Pada periode 30 Januari hingga 1 Februari 2026, cuaca di Indonesia umumnya didominasi hujan ringan hingga sedang. Namun, hujan sedang hingga lebat berpotensi terjadi di Aceh, Sumatra Utara, Riau, Kepulauan Riau, Jambi, Bengkulu, Lampung, Banten, Nusa Tenggara Barat, seluruh Kalimantan, sebagian besar Sulawesi, serta wilayah Papua.

BMKG menetapkan status siaga hujan lebat hingga sangat lebat di Sumatra Barat, Sumatra Selatan, Kepulauan Bangka Belitung, DKI Jakarta, Jawa Barat, Jawa Tengah, DI Yogyakarta, Jawa Timur, Bali, dan Nusa Tenggara Timur. Potensi angin kencang juga perlu diwaspadai di Nusa Tenggara Timur dan Maluku.

Memasuki periode 2–5 Februari 2026, hujan ringan hingga sedang masih mendominasi, dengan potensi hujan sedang hingga lebat di sejumlah wilayah Sumatra, Jawa, Bali, Nusa Tenggara, Kalimantan, Sulawesi, dan Papua. Peringatan siaga hujan lebat hingga sangat lebat dikeluarkan untuk Kepulauan Bangka Belitung, Jawa Tengah, dan Jawa Timur, serta potensi angin kencang di Nusa Tenggara Timur dan Maluku.

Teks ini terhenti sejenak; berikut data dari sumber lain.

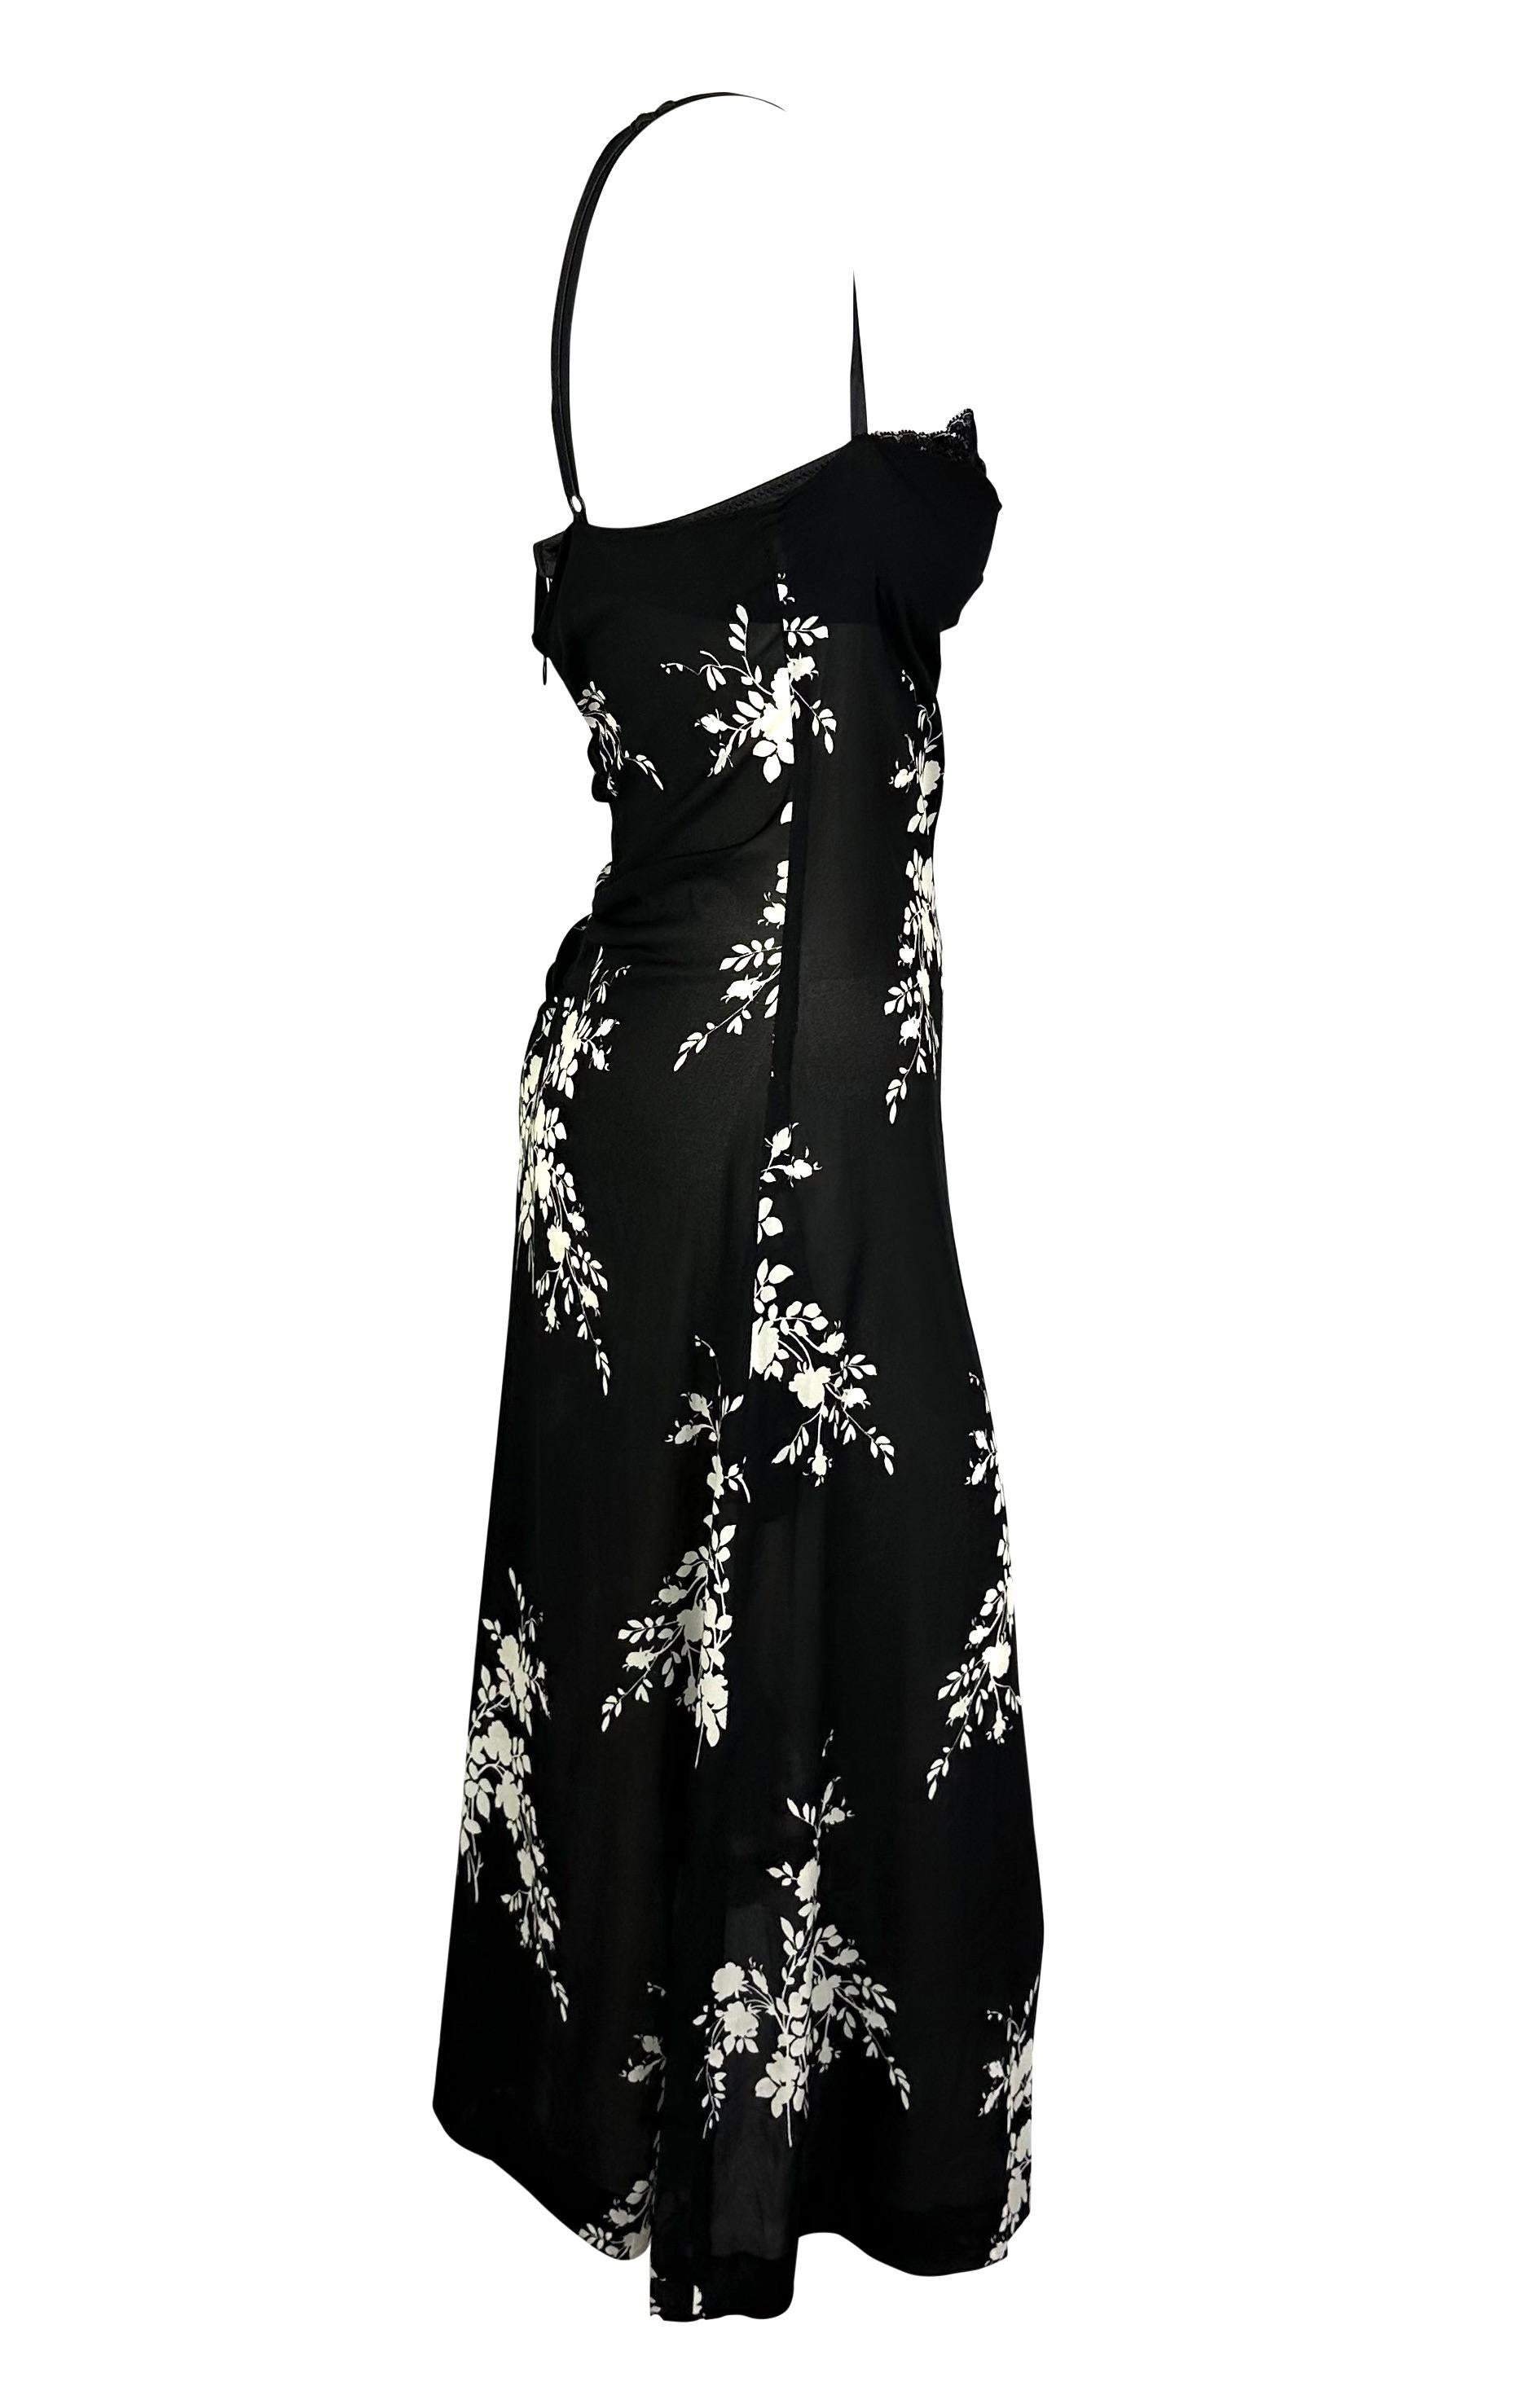 S/S 2002 Dolce & Gabbana Runway Sheer Black Stretch Silk Floral Bustier Dress 4
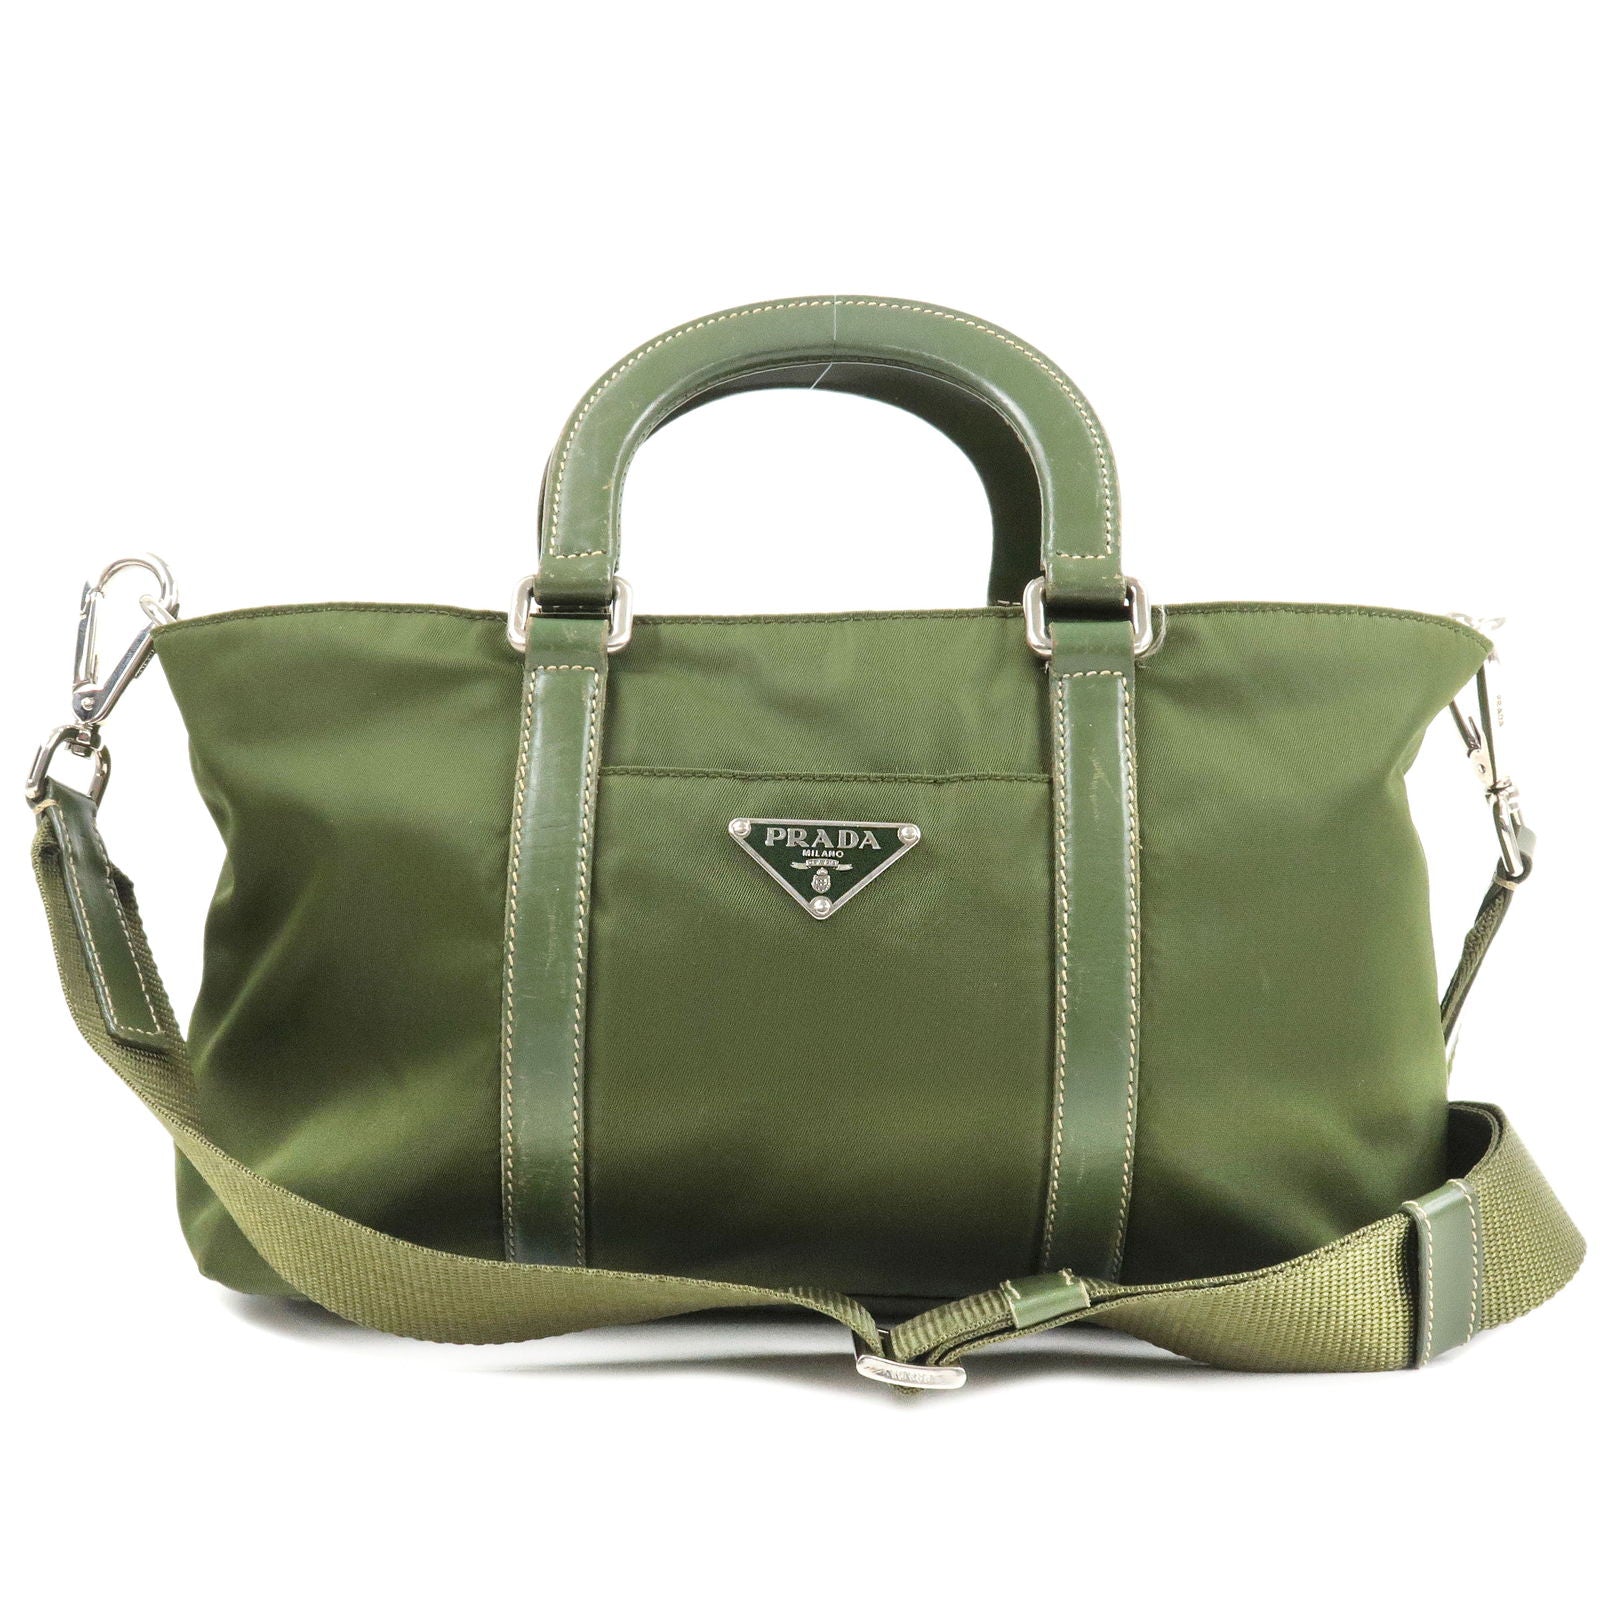 Prada Cleo Handbag in Green Leather

BMKG mengimbau masyarakat dan pemangku kepentingan untuk meningkatkan kewaspadaan terhadap potensi cuaca ekstrem yang dapat berubah sewaktu-waktu, serta melakukan mitigasi risiko secara mandiri dan kolektif. Masyarakat juga diminta lebih berhati-hati dalam merencanakan aktivitas, terutama perjalanan darat, laut, dan udara, serta kegiatan luar ruang.

Informasi cuaca terkini dapat diakses melalui laman resmi BMKG, aplikasi Info BMKG, dan kanal media sosial resmi BMKG.